Most of the high-profile authors I’m following have an opinion on it. I’m glad they do, and I appreciate the focus on child-caregiver separation, but this is starting to look like #metoo, or the way media covered the so-called Syrian refugee crisis. Don’t get me wrong, I think we have a responsibility to help, but media seemed in both cases more interested in appealing to our feelings than reporting the truth. I recall some articles where the journalists could have asked themselves some critical questions.
We are emotional beings and sometimes this makes us outraged, but I frequently ask myself why now? I agree that Donald Trump’s immigration policy is appalling, and that we should protest, but is this really new? Was this our first opportunity to speak out against separating children and parents? I read some responses on Twitter that mentioned the Rumanian orphanages we all saw on TV after the Rumanian dictator Ceausescu had been executed. I believe the problem is much bigger. I have seen Norwegians as angry as the rest of the world, and one member of Parliament suggested that the government made it clear to the US administration that this is unacceptable, because that’s what friends do. There are major buts in my opinion.
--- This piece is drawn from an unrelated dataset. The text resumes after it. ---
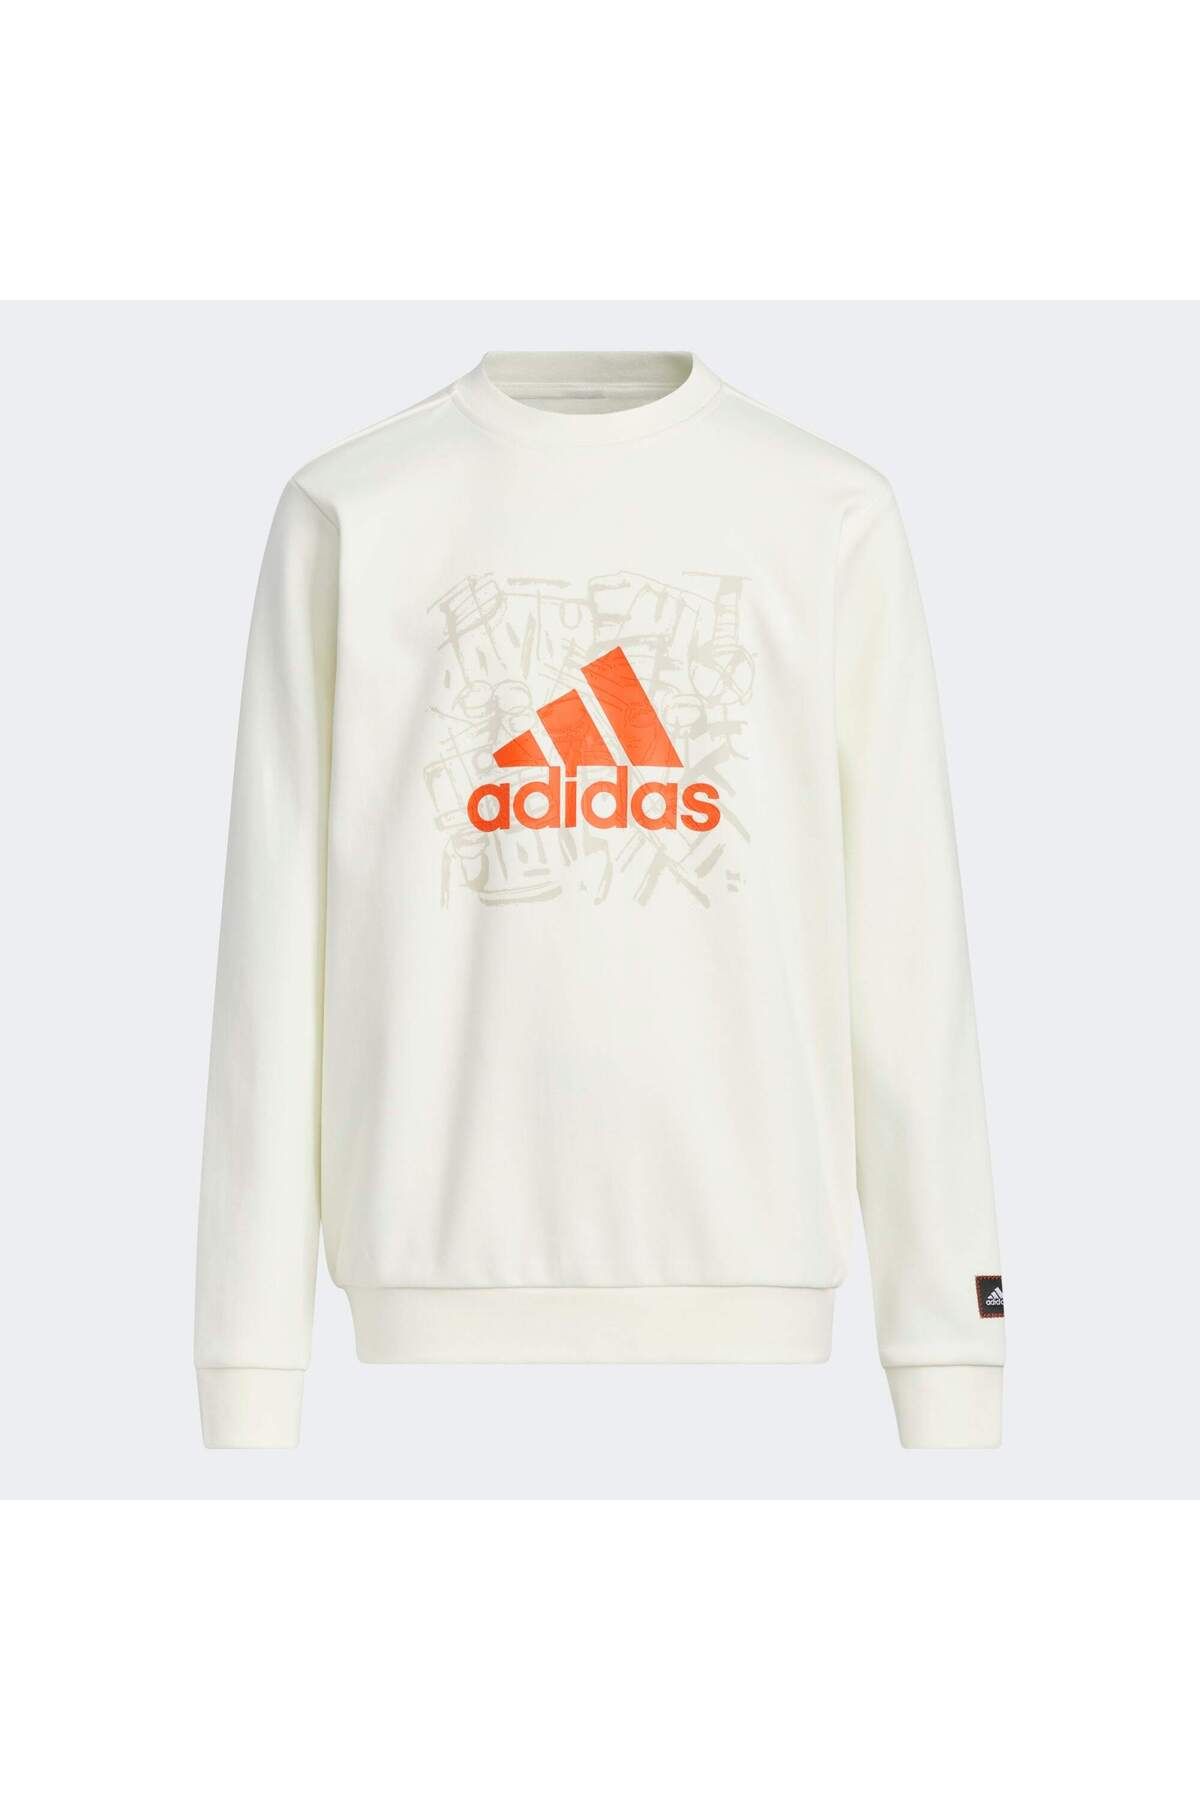 adidas Knit Crew Çocuk Beyaz Sweatshirt (HZ0218)

You can google the Child Protective Services (CPS) in almost any country and find cases that look like state kidnapping. The Norwegian CPS is known for separation children and parents when it isn’t needed. They work with the Police, and “arrests” are frequently being made at maternity wards and at home. As most of these children don’t want to leave, these “arrests” turn into very aggressive actions. The last case I know about was a Canadian citizen that was picked up by six police officers and two CPS-employees. They were chasing this child down the street and forced him to the ground. In that case the parents wanted to home-school the boy because the school didn’t deal with bullying and death threats. When babies are taken from birth it’s not because of something that has happened, but because of something that may happen in the future, and the CPS don’t need to prove their case. Many professionals have criticized the CPS for human rights violations and blatant disregard for the law, but as long as the politicians don’t reform the system, nothing will change.
Low income is one risk, which could be why there is a majority of minorities in the CPS-system. That doesn’t make any sense because the authorities spend $ 2.5 billion a year on the CPS, and a big part of the money goes to international institutions. Why not simply help the parents directly? I like what J. K. Rowling is doing with Lumos. She’s been very active on Twitter recently:
The issue is not whether the child's nappy is being changed or whether it is being fed. The trauma occurs when the child is separated from its primary caregiver. There is a wealth of evidence to show what that trauma does to children. https://t.co/P9M9a72eDJ
As I mentioned earlier I’m glad there is a focus on the topic. Many of us that want to reform the CPS system have wanted that for a long time. It makes me angry, sad, and frustrated seeing people joining in on the anti-Trump campaign when they know that what goes on here isn’t any better. There are parents in my country that win in court, but the CPS refuse to return the child because too much time has passed. There is a lot of statistics showing that foster children are doing much worse than the general population, which supports J.K. Rowling’s claims.
Incidentally, I’m not surprised that this is important to Rowling. Family is important in the Harry Potter books, and in the Norwegian society the Weasley family would be at risk. Low income and many children are automatically suspicious (and a lifestyle outside the mainstream), but as the books showed children are better off at home. That’s why we need to focus on this, and not do like most people, assume that our own governments always make good decisions.